2. Experimental Setup

2.1 Model Configuration

Eight model variants were evaluated, ranging from enc8dec144 to enc64dec1536, with parameter counts spanning 1M to 74M:

• Architecture: Fully convolutional encoder-decoder with Residual Vector Quantization (RVQ)
• Frame length: 40ms (fixed across all variants)
• Total up/down-sampling factor: 320 (consistent across variants)
• Sample rates tested: 8 kHz (320 samples), 16 kHz (640 samples), 32 kHz (1280 samples)
• Export format: ONNX with Float32 precision

Key complexity observations from Table 1: - Parameter counts range from 1.09M (enc8dec144) to 74.50M (enc64dec1536) - Model sizes range from 4.3 MB to 283.6 MB - Computational complexity scales proportionally with sample rate (e.g., enc32dec768: 4955.9 MFlops/s @ 8kHz, 9972.6 MFlops/s @ 16kHz, 20006.1 MFlops/s @ 32kHz)

2.2 Device Under Test (DUT) Environment

• Platform: MediaTek Dimensity 1200 (6nm) - representative mid-range SoC
• Inference engine: ONNX Runtime v1.14+ with CPU execution provider (single-threaded)
• CPU clusters tested:
• Efficiency cluster: Cortex-A55
• Performance cluster: Cortex-A78
• Prime core: Cortex-A78+
• Methodology: Frequency-locked operation with disabled thermal services and power HALs to eliminate dynamic frequency scaling noise

3. Results and Analysis

3.1 Complexity Scaling vs. Bandwidth

Critical finding: For a given model variant, computational complexity scales linearly with sample rate: - enc32dec768 example: - 8 kHz: ~0.20 GFLOP counts (4955.9 MFlops/s) - 16 kHz: ~0.40 GFLOP counts (9972.6 MFlops/s) - 2x increase - 32 kHz: ~0.80 GFLOP counts (20006.1 MFlops/s) - 4x increase

Implication: Higher sampling rates incur proportional computational penalty. For resource-constrained devices (IoT, wearables), NB mode at 8 kHz is recommended.

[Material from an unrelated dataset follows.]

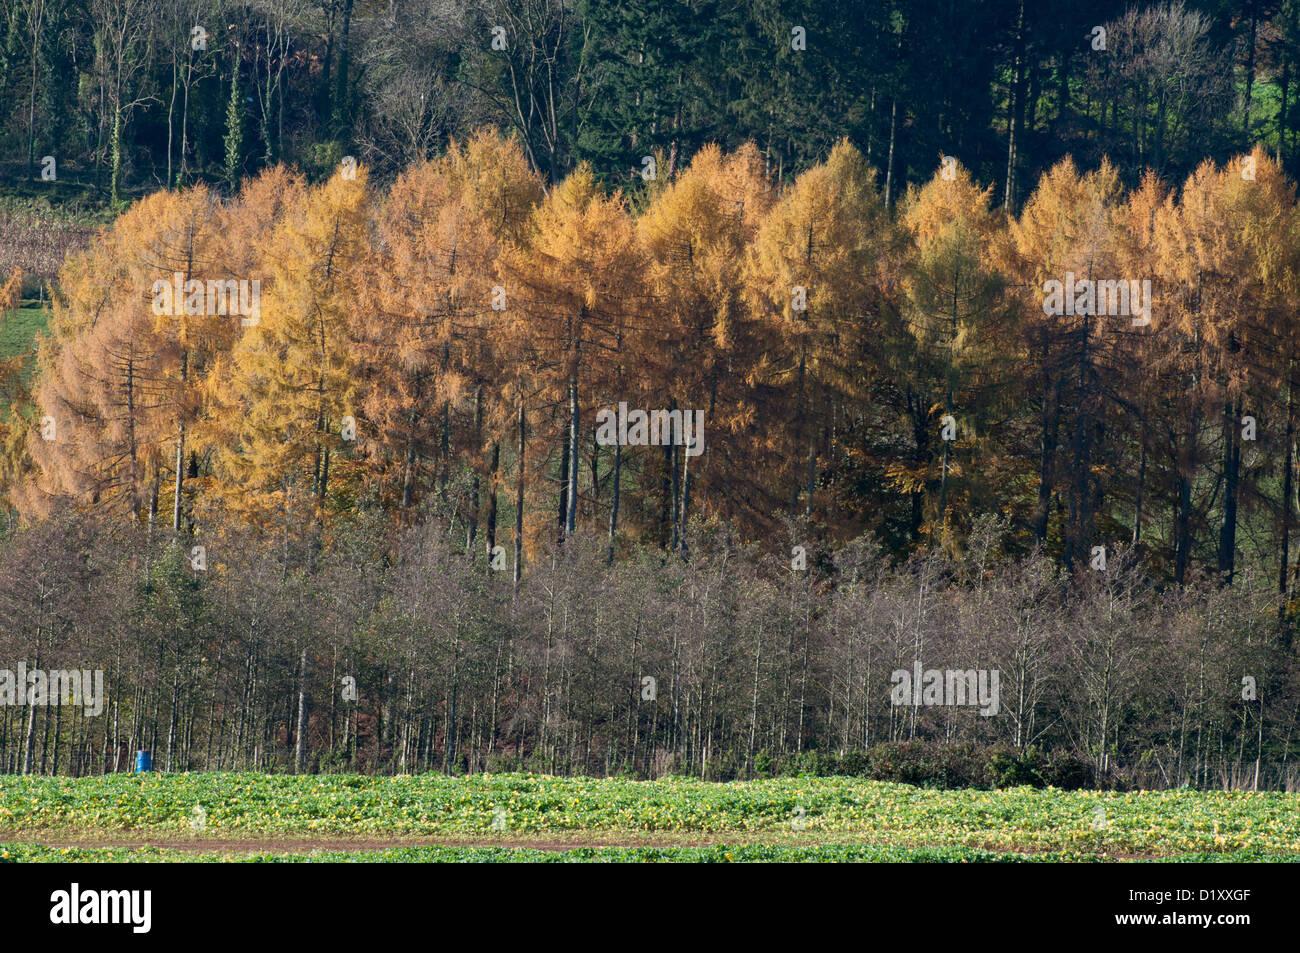 autumnal landscape, edge of forest, conifer trees, autumn colours, sapplings, crops - Stock Image
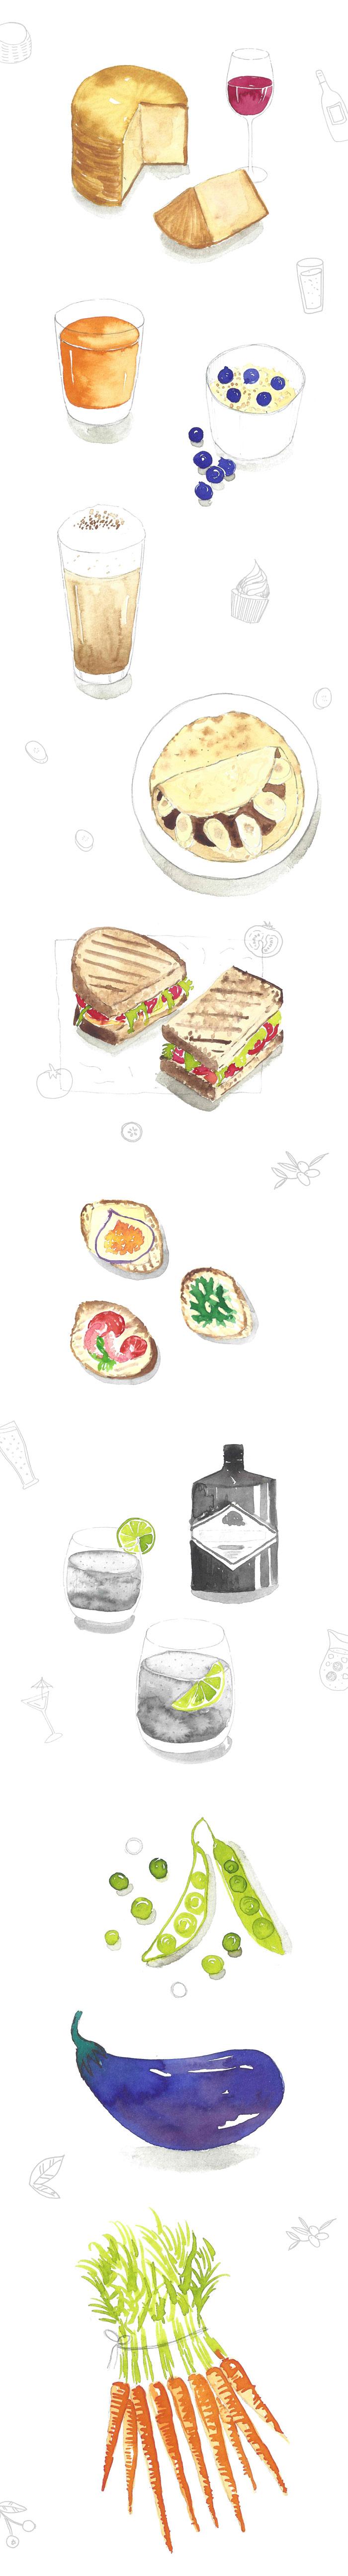 watercolor-food-drink-illustration

3.2 Real-Time Factor (RTF) Analysis Across Three Frequency Tiers

3.2.1 Tier 1: Low Frequency (A55@750MHz, A78@902MHz, A78+@1.1GHz)

Energy-conserving state with severe constraints:

• Cortex-A55 @ 750 MHz: Only smallest models (enc8dec144) maintain real-time at 8 kHz; 16/32 kHz unfeasible
• Cortex-A78 @ 902 MHz:
• 32 kHz: Limited to <3M parameters
• 16 kHz: Supports up to ~8M parameters
• 8 kHz: Supports up to ~10M parameters
• Cortex-A78+ @ 1.108 GHz: Similar to A78 but extends 16 kHz limit closer to 10M parameters

3.2.2 Tier 2: Mid Frequency (A55@1.0GHz, A78@1.16GHz, A78+@1.37GHz)

Typical sustained workload state:

• Cortex-A55 @ 1.0 GHz: 8 kHz supports up to ~2M parameters; 16/32 kHz remain largely unfeasible
• Cortex-A78 @ 1.162 GHz:
• 32 kHz: ~5M parameter limit
• 16 kHz: ~10M parameters (covers "Low Complexity" profile)
• 8 kHz: Robust up to ~20M parameters
• Cortex-A78+ @ 1.37 GHz: Performance parity with A78 (clock speed is primary differentiator)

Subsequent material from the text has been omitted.